How to dress for Kazakhstan’s frozen winters

While lounging around last week in the Malaysian heat and air conditioning, I enjoyed watching Disney’s Frozen. The cold weather! Cold in any language!

Because, as in the lovely Between Shades of Gray, any fictional description of cold resonates with me right now. The frosty eyelashes. The wind-stilled faces. The freezing fingers. (The last book I tried to write for the kids in my library was about a snow dragon). And it’s -25 C (-13 F) outside as I write. From inside. With coffee in hand.

Right now I live in Astana, Kazakhstan, site of former Stalinist prison camps on the south Siberian steppe. That sounds quite grim, but it’s actually a lovely and lively city (see here for pics).  And it has me entertained to see the bustle across the American midwest as they prepare for severe cold and snowstorms.

Winter Wear

Winter Snow Gear for Astana

But on facebook, my mom’s friends are right – I have better gear than they do to weather the snow. My strategy, here, is: warm fur-lined boots and woolen socks. A down-lined coat with furry hood. Lined leggings and some type of light cardigan.
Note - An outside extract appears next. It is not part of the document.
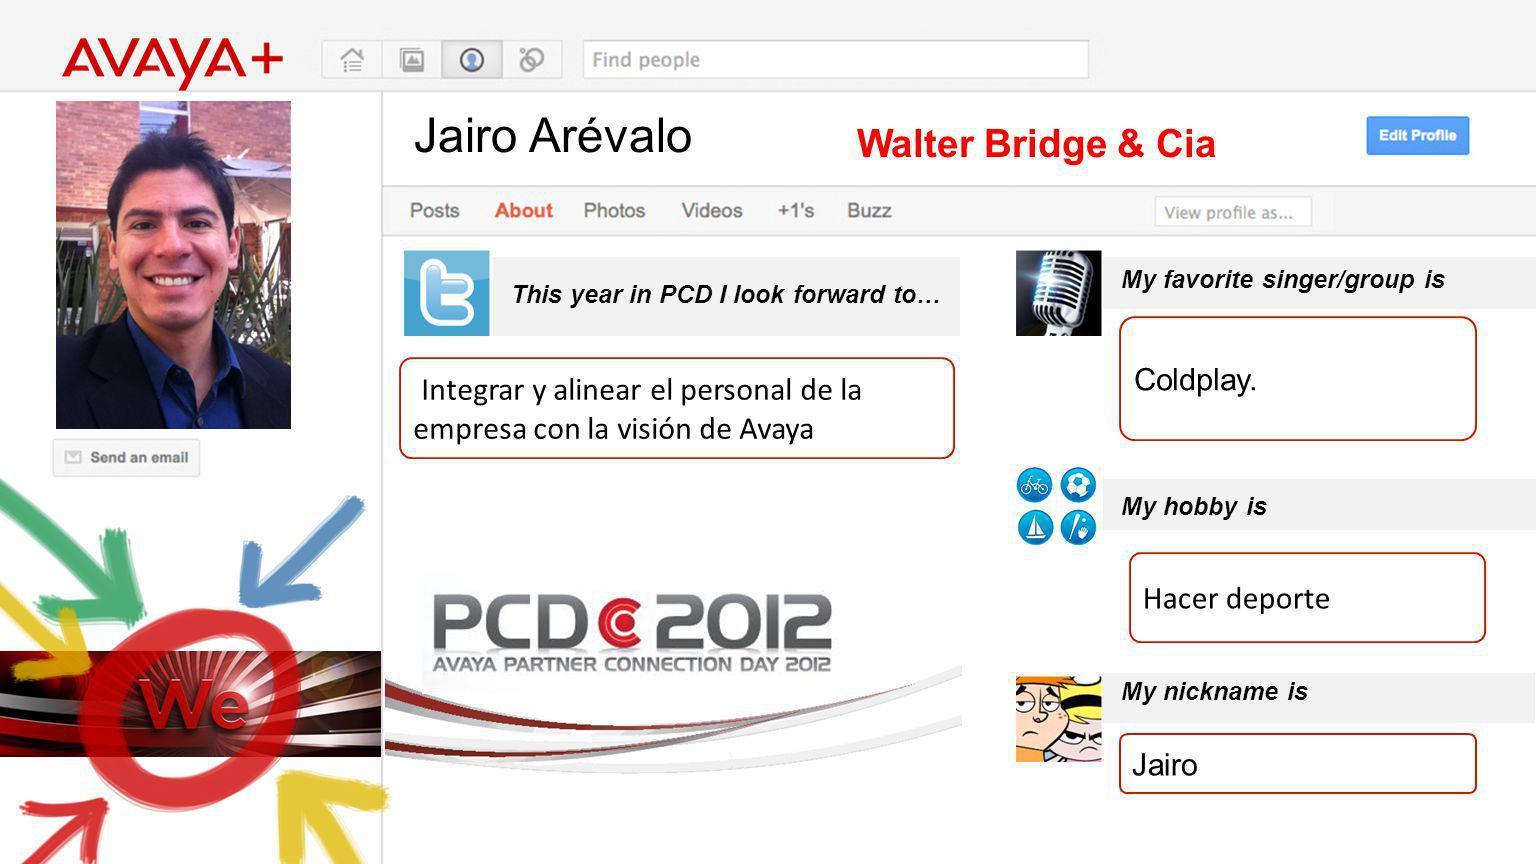 Jairo Arévalo This year in PCD I look forward to… Walter Bridge & Cia Integrar y alinear el personal de la empresa con la visión de Avaya My favorite

A scarf to cover my chin and nose. A Yaktrax if it’s slippery outside (one works better than two, in case you need to traverse smooth pavement).

At -32 F the other day, I walked for about 15 minutes before my legs started to prickle with frost.  The only downside was mascara dripping from my face when the ice melted as I stepped inside (!), and the evident need for a second full layer of leggings. The really styling ladies, though, do it all in long mink coats with high-heeled boots (news article):

Fur coats in Vladivostok (credits/click for lovely post by Sweetridgesisters)

Enjoying the Weather

But however you do it, it is possible to go for a walk in extreme cold weather, if you’ve the clothes to bundle up warmly! Below, children and parents enjoy sledding from the riverbanks onto the frozen Ishim river. (In the distance, still specks are the men ice-fishing under plastic coverings…)


  1. It’s funny to contrast these scenes of “cold” with what we have in Pondicherry–which is one of those sites that raises the question “what is cold” in so much cultural detail We probably have a thousand words for hot, indeed, but maybe also as many for cold–which we know far less intimately, but fear far more. Wish I had a picture to share of folks in sweaters and scarves and camo-earmuffs (yes), which make up the season’s attire.. although it’s never really much cooler than light sweater weather, to use another cultural category to mark “cold.” 😉

    1. Cee

      So true! I’d love to see the picture of camo-earmuffs! I’d also find it interesting how one’s place in society determines the cold. I’m thinking of chilly weather in Texas where young men staunchly wear their shorts and t-shirts, & even of others who insist they ‘aren’t cold’ when it seems like they very much should be.